Arc 3 Ch 9 - Kualitas

269 30 7
                                    


"Akhirnya ada yang menyatakan keberatannya."

Aku berdiri, melihat sebuah tulisan di dinding ruang keluarga.

Internal rumah ini tidak jauh berbeda dengan rumahku. Ruang makan di antara ruang keluarga dan dapur, di dekatnya ada ruang tamu, dan kamar di lantai 2. Di ruang keluarga terdapat dua tubuh, di ruang makan satu tubuh, dan sisanya di dapur. Terdapat luka tusuk di masing-masing leher.

Kami tidak menyentuh tubuh-tubuh itu, membiarkannya tergeletak dan berserakan begitu saja di lantai. Aku sudah terbiasa dengan pemandangan tubuh yang setengah busuk dan dimakan belatung.

"Bagaimana kondisi lantai dua?"

Aku bertanya pada Mulisu yang baru saja turun dari lantai dua.

"Seperti dugaan kita, tampaknya pelakunya hanya fokus untuk mengintaimu. Tidak ada satu pun barang berharga yang menghilang. Hanya beberapa makanan yang hilang dari kulkas."

Ya, seperti kata Mulisu, pelakunya hanya mengambil makanan di kulkas. Bukan hanya itu, bahkan tampak bekas wajan dan panci digunakan untuk menggoreng. Aku bisa bilang pelakunya cukup sakit karena dia masih mampu memasak dengan mayat yang berserakan seperti ini.

Emir dan Inanna juga berkeliling di rumah ini, melakukan pengecekan secara acak.

Tok tok

Pintu diketuk, membuat Emir bergegas menuju pintu.

"Akhirnya kalian datang. Ayo segera masuk."

Emir kembali dengan dua orang.

Yang satu adalah seorang ibu-ibu, mungkin sudah berumur kepala tiga. Yang paling mencolok adalah rambut pirang panjangnya. Mungkin dalam tubuhnya mengalir darah bangsawan Mariander. Pandangan yang sama juga diberikan oleh Inanna, yang mungkin berpikiran sama denganku.

Yang satu adalah laki-laki yang masih remaja, bahkan lebih muda dariku. Dia memiliki rambut panjang yang dikuncir. Bahkan, sebagian poninya menutupi mata kanannya. Dia memiliki warna rambut yang hitam, ciri khas bangsawan.

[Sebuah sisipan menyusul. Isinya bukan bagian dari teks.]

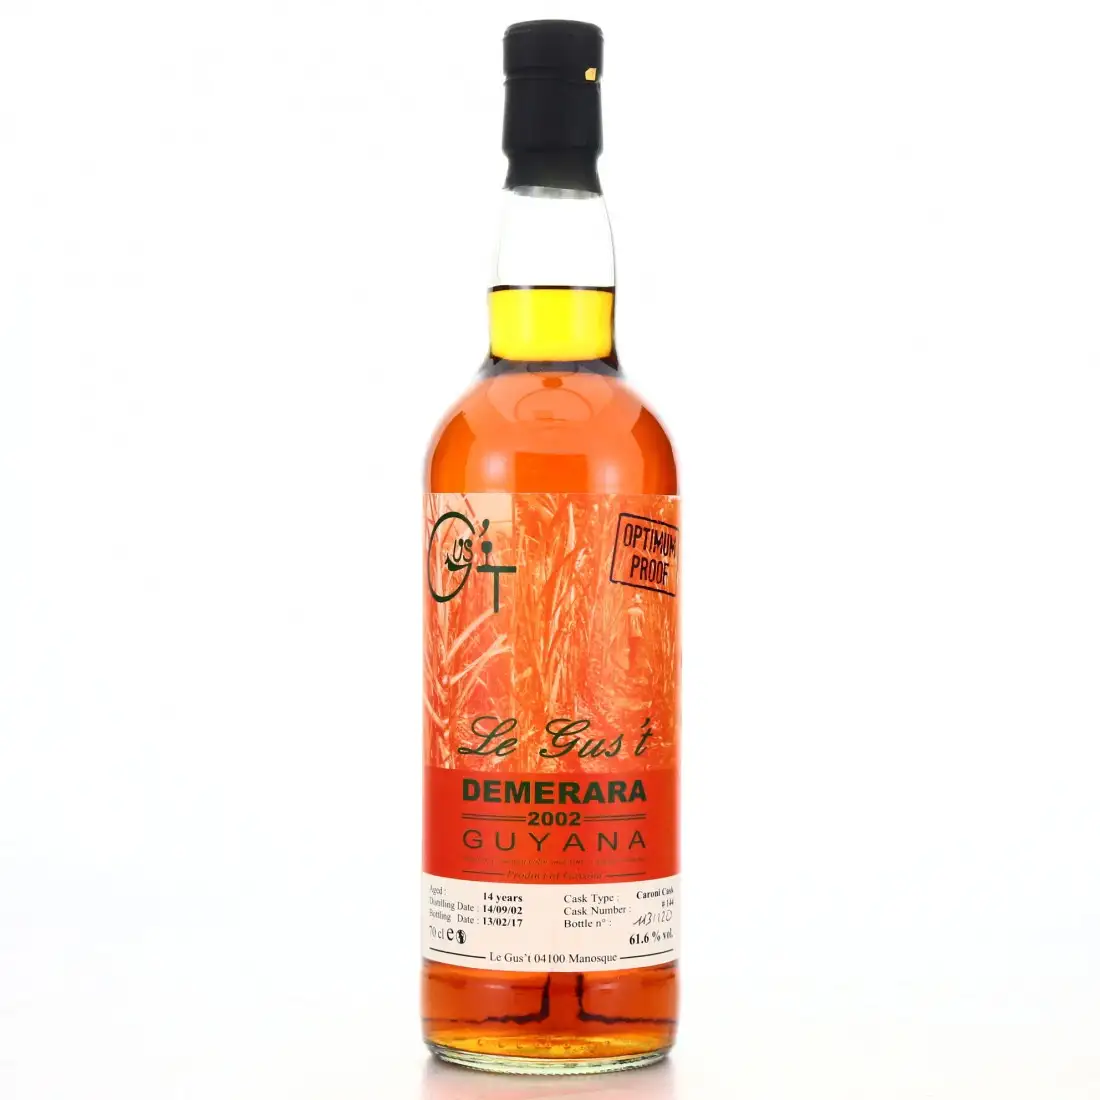 Image of the front of the bottle of the rum Demerara Rum Optimum Proof
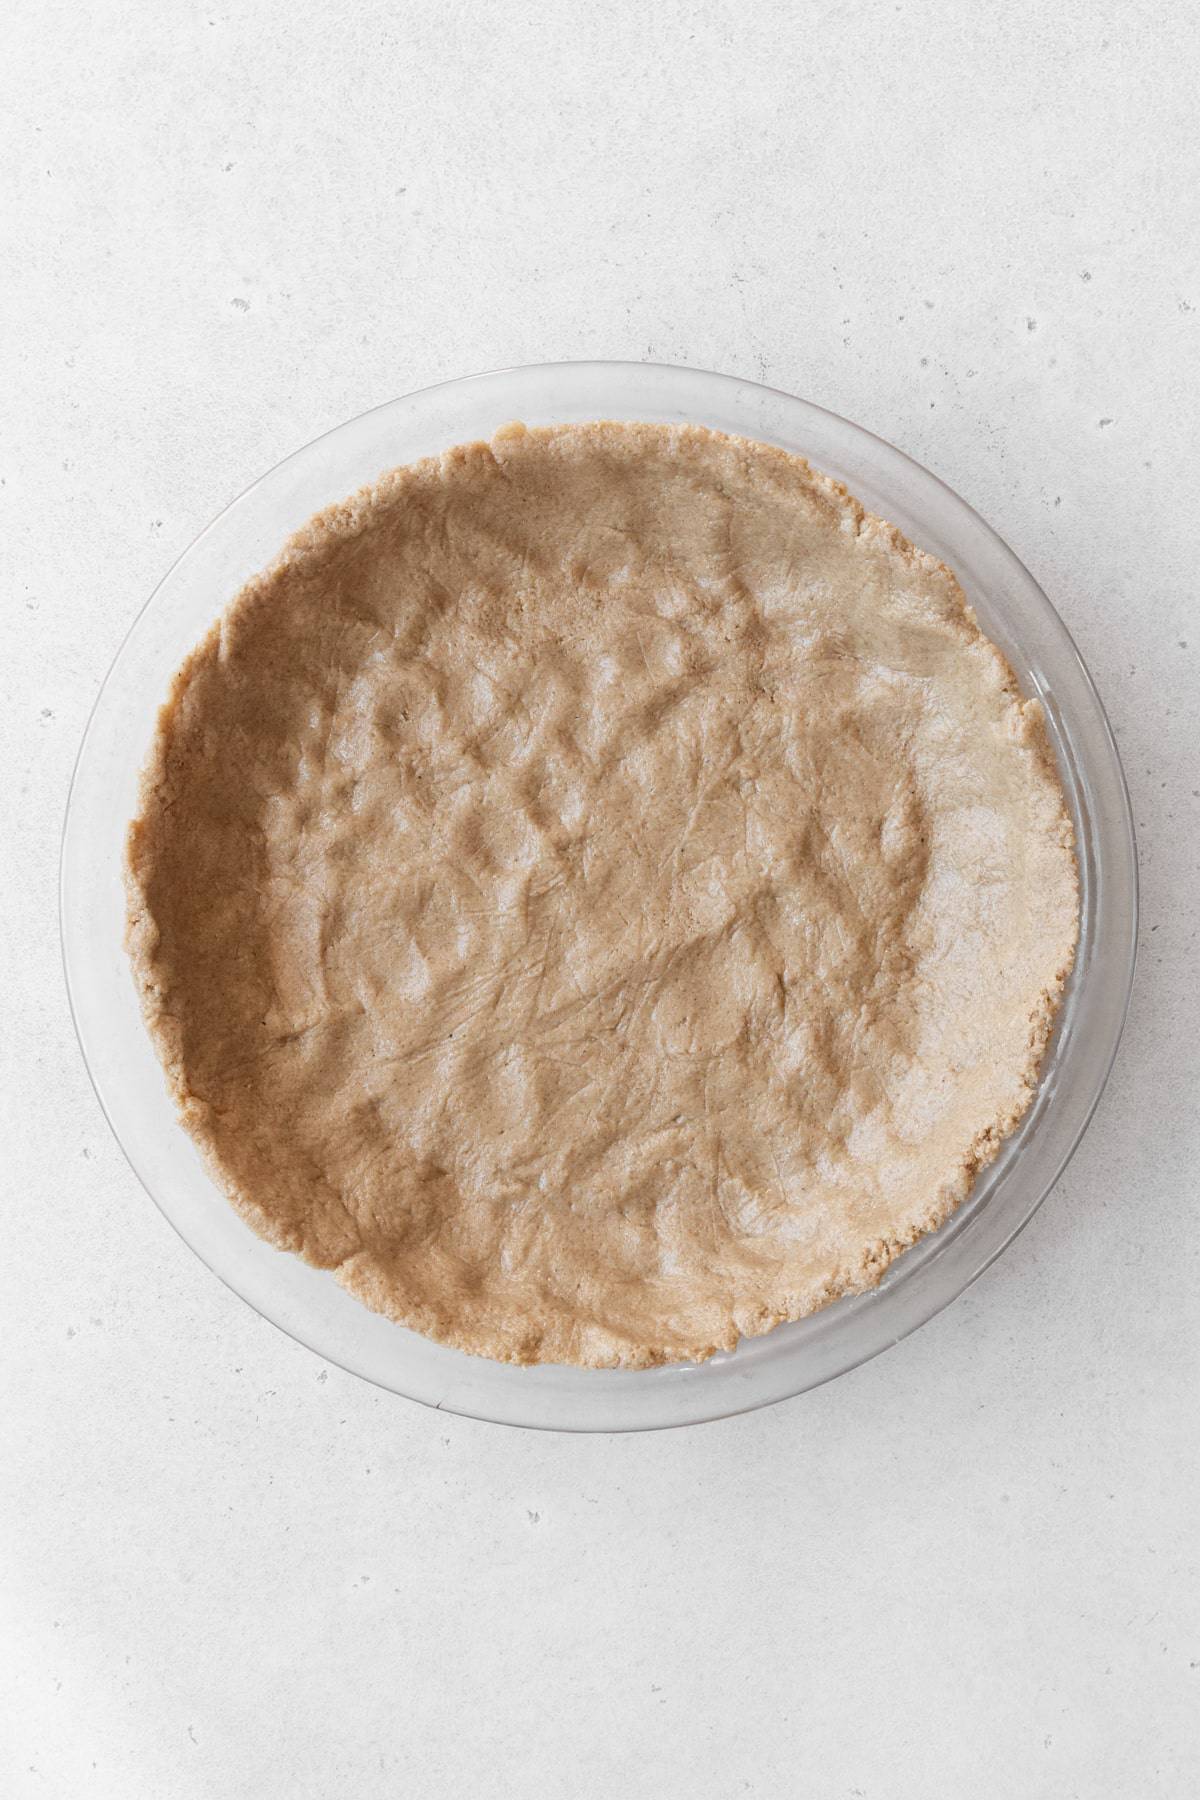 Oatmeal crust dough pressed into a glass pie dish.

Sejauh yang aku temui, kebanyakan agen schneider yang baru adalah bangsawan, atau setidaknya setara. Tampaknya Azzaha hanya merekrut bangsawan atau yang setara. Di lain pihak, penanggung jawab sebelumnya, keluarga Cleinhad, tidak memprioritaskan bangsawan.

"Perkenalkan, aku adalah Shu En. Dan anak ini adalah–"

"Namaku adalah Adini."

Laki-laki muda bernama Adini ini menyela Shu En dengan nada ketus. Tidak sopan sekali. Tampaknya anak ini adalah tipe yang masih memiliki arogansi bangsawan.

"Shu, apa kau adalah satu dari sedikit orang yang mengetahui hubungan Yang Mulia Paduka Raja denganku?"

"Ya, benar."

"Lalu, anak ini?"

Shu menggeleng.

Hmm, begitu ya. Aku ingin melihat responsnya.

"Jadi, Shu, apa pendapatmu soal ini?"

Shu melihat ke arah dinding, ke tulisan yang ditulis dengan menggunakan darah dan memenuhi dinding.

YOU ARE NO KING

Shu memberi respon yang sama dengan kami, tenang dan mengamati tulisan itu baik-baik. Di lain pihak, Adini sedikit membuka mulut dan mengernyitkan dahi. Tampaknya dia mencoba menebak maksud di balik tulisan itu.

"Apakah kau pernah membicarakan hal itu dengan orang luar?"

"Tentu saja tidak," aku menjawab Shu. "Aku hanya membicarakan hal itu pada Emir dan Inanna. Bahkan keluargaku tidak tahu. Kalaupun aku membicarakan hal itu, selalu dengan Yang Mulia Paduka Raja."